Monday, October 7, 2013

Is This A New Civil War?

Popular Economics Weekly

The New York Times stated in a 2010 poll that the 18 percent of Americans who identify themselves as Tea Party supporters tend to be Republican, white, male, married and older than 45. History tells us the last time white males were willing to destroy the economy and maybe country. It was the United States Civil War, of course. Then it was about such men attempting to preserve slavery and state rights. Today, it is about not giving more rights to minorities and the poor.

Then it was about the south, desperate to preserve their privileges, today those Tea Party Republicans are desperate to preserve their traditions of power—low taxes and small government—even though our modern economy can’t function without an effective government that makes the rules that allow financial markets as well as our overall society to function smoothly.

So they are now desperate enough to use the debt ceiling as their Weapon of Mass Destruction. Not okaying an increase means the government is shut down, as well as the U.S. financial system that depends on debt to finance operations. And there are those on the right, such as Tea Party Republican Ted Cruz that would like to see this happen.

“The debt ceiling historically has been among the best leverage that Congress has to rein in the executive,” said Cruz to CNN’s Candy Crowley recently. “There’s great historical precedent. Since 1978 we’ve raised the debt ceiling fifty-five times. A majority of those times, twenty-eight times, Congress has attached very specific and stringent requirements, many of the most significant spending restraints, things like Gramm Rudman [i.e. the Gramm-Rudman-Hollings Balanced Budget Act], things like sequestration, came through the debt ceiling.”

The last Civil War cost some 600,000 lives. If prolonged, this civil war would cost millions of jobs. In a new report, the Treasury Department studied the economic fallout from a similar debt ceiling impasse in 2011 — when the nation came within days of defaulting on its obligations — and said that the country could see similar effects this year if lawmakers wait until the final hours to raise the debt ceiling.

“A default would be unprecedented and has the potential to be catastrophic: credit markets could freeze, the value of the dollar could plummet, U.S. interest rates could skyrocket, the negative spillovers could reverberate around the world, and there might be a financial crisis and recession that could echo the events of 2008 or worse,” the report said.

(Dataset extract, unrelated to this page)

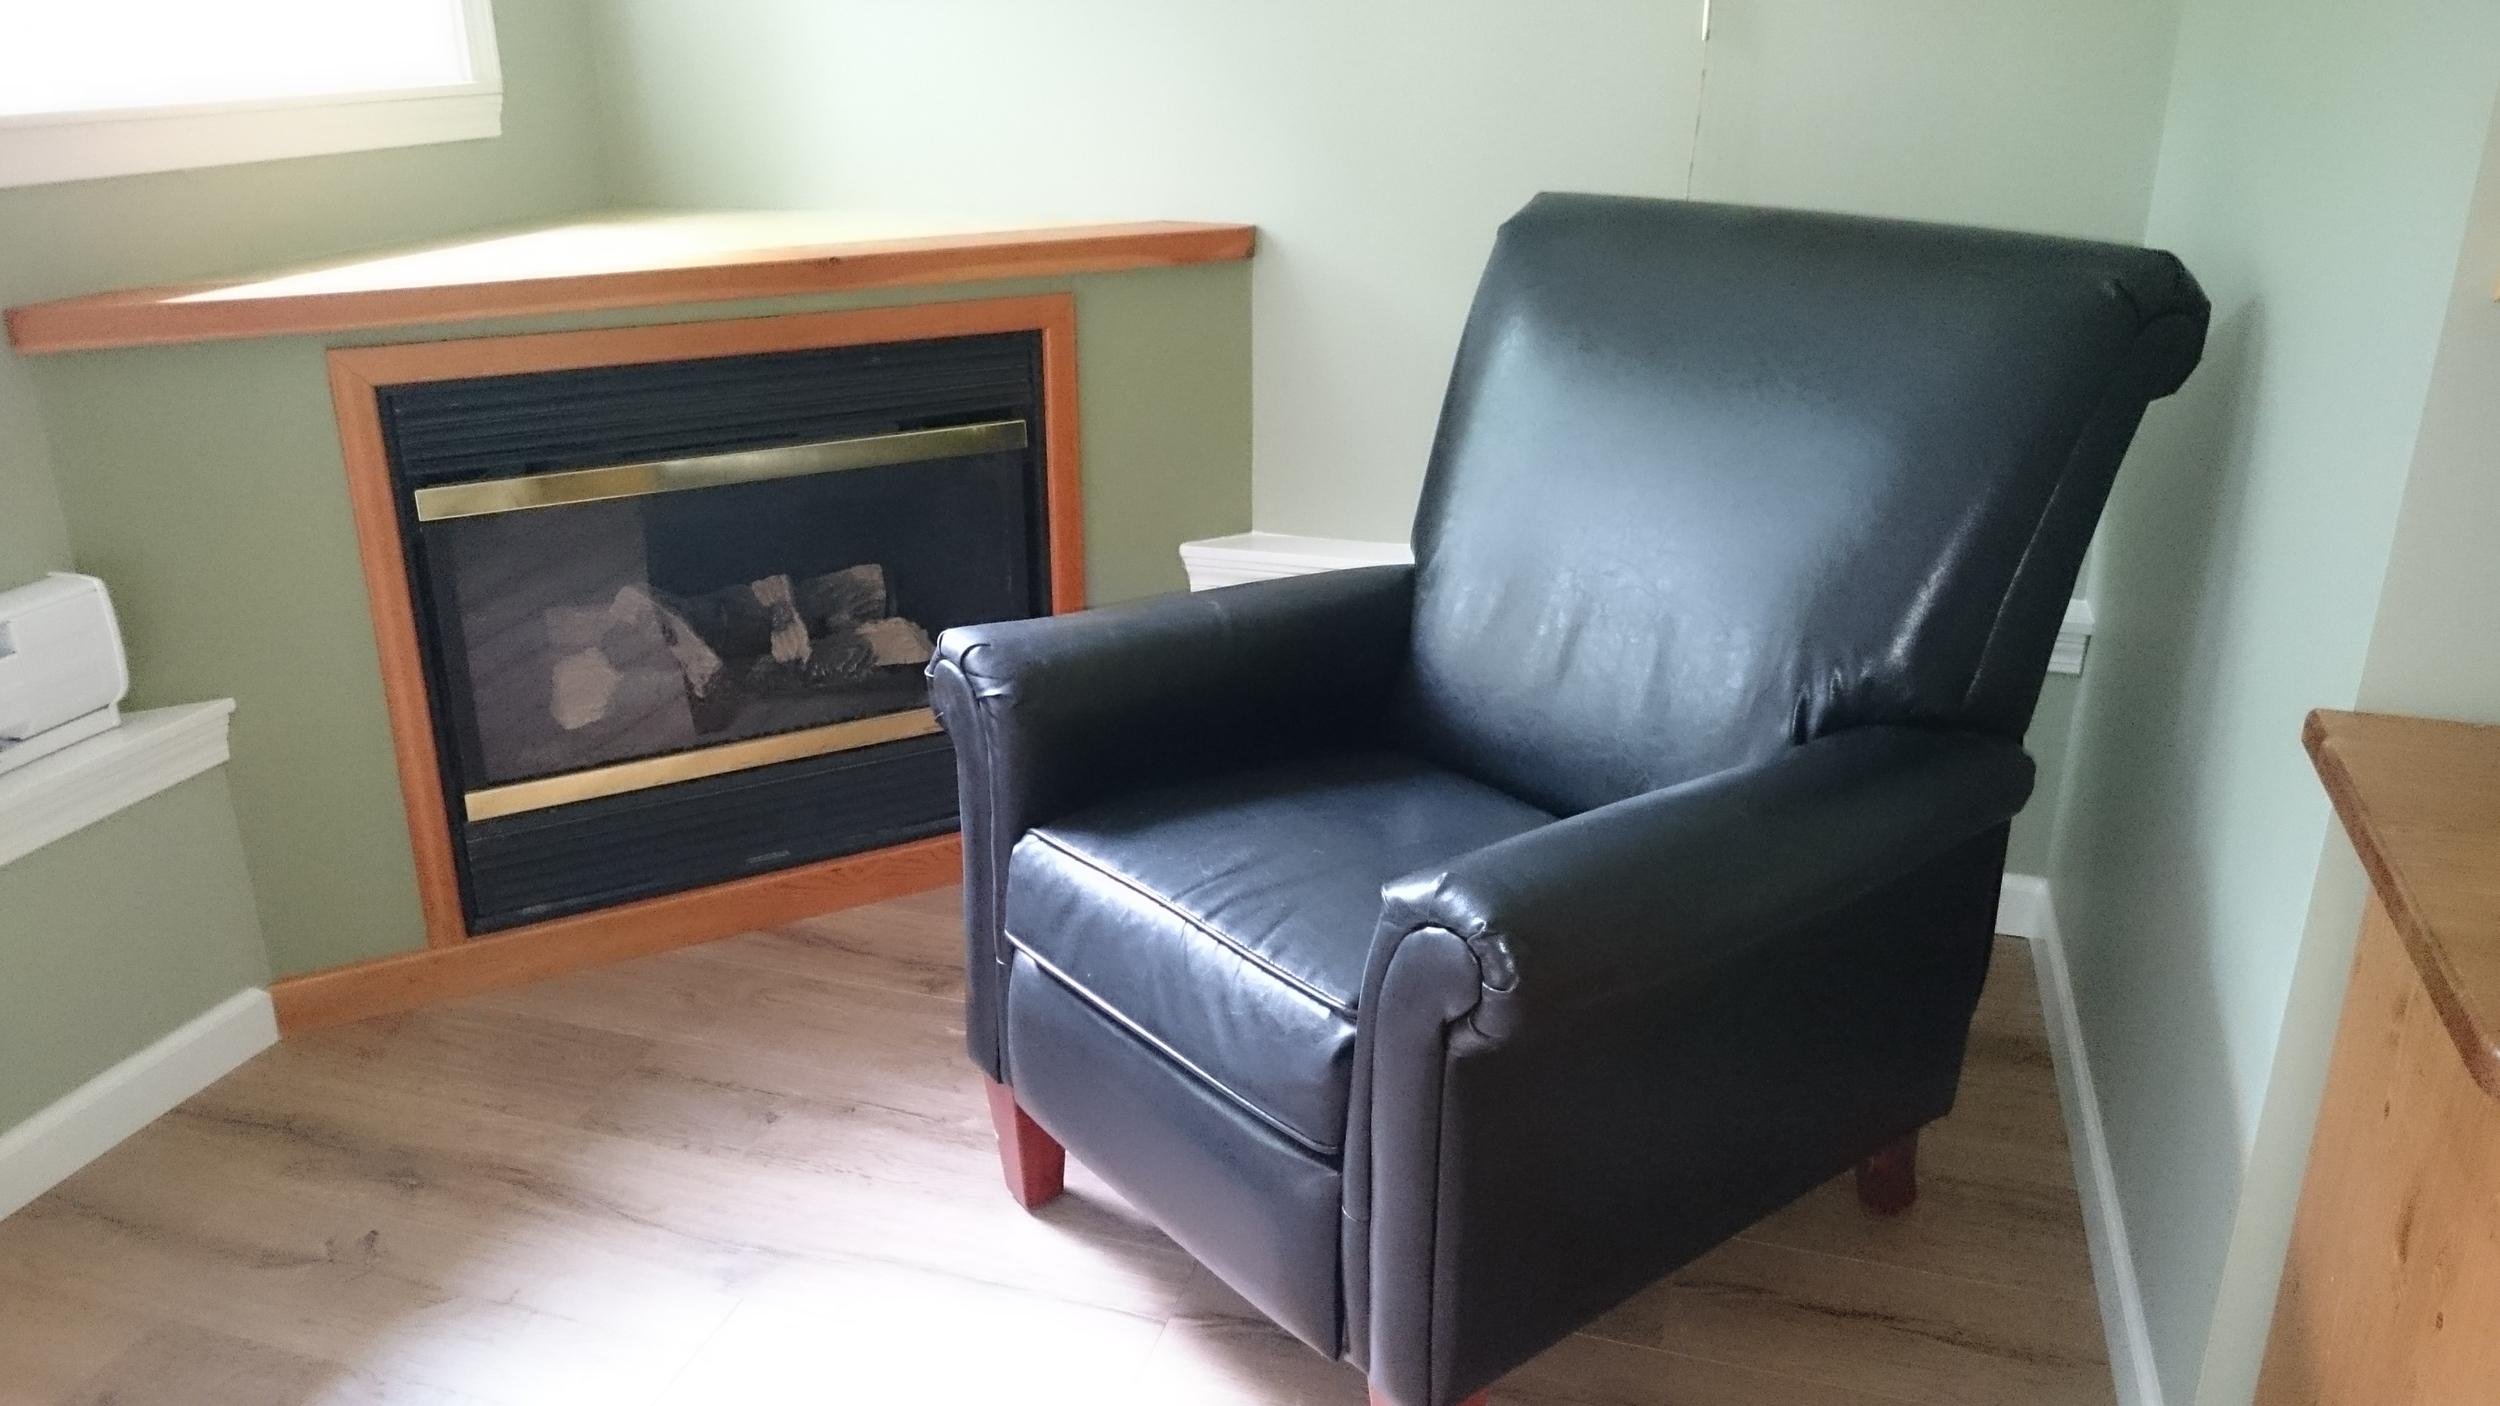 creekside chair and fireplace.JPG

Yet as the New York Times reported, a loose-knit coalition of conservative activists led by former Attorney General Edwin Meese III and leaders of more than three dozen conservative groups put together a plan to defund Obamacare in 2012.

“It articulated a take-no-prisoners legislative strategy that had long percolated in conservative circles: that Republicans could derail the health care overhaul if conservative lawmakers were willing to push fellow Republicans — including their cautious leaders — into cutting off financing for the entire federal government.”

Yet this hasn’t sunk in to the general public, apparently. The 18 percent of the electorate, those Tea Party males, are willing to fight another civil war they cannot win, but could cause great damage to all of U.S.

So how long might this civil war last? “You’re here because now is the single best time we have to defund Obamacare,” declared Mr. Cruz, at a recent fundraiser. “This is a fight we can win.”

Will we need another Abe Lincoln to save the Union?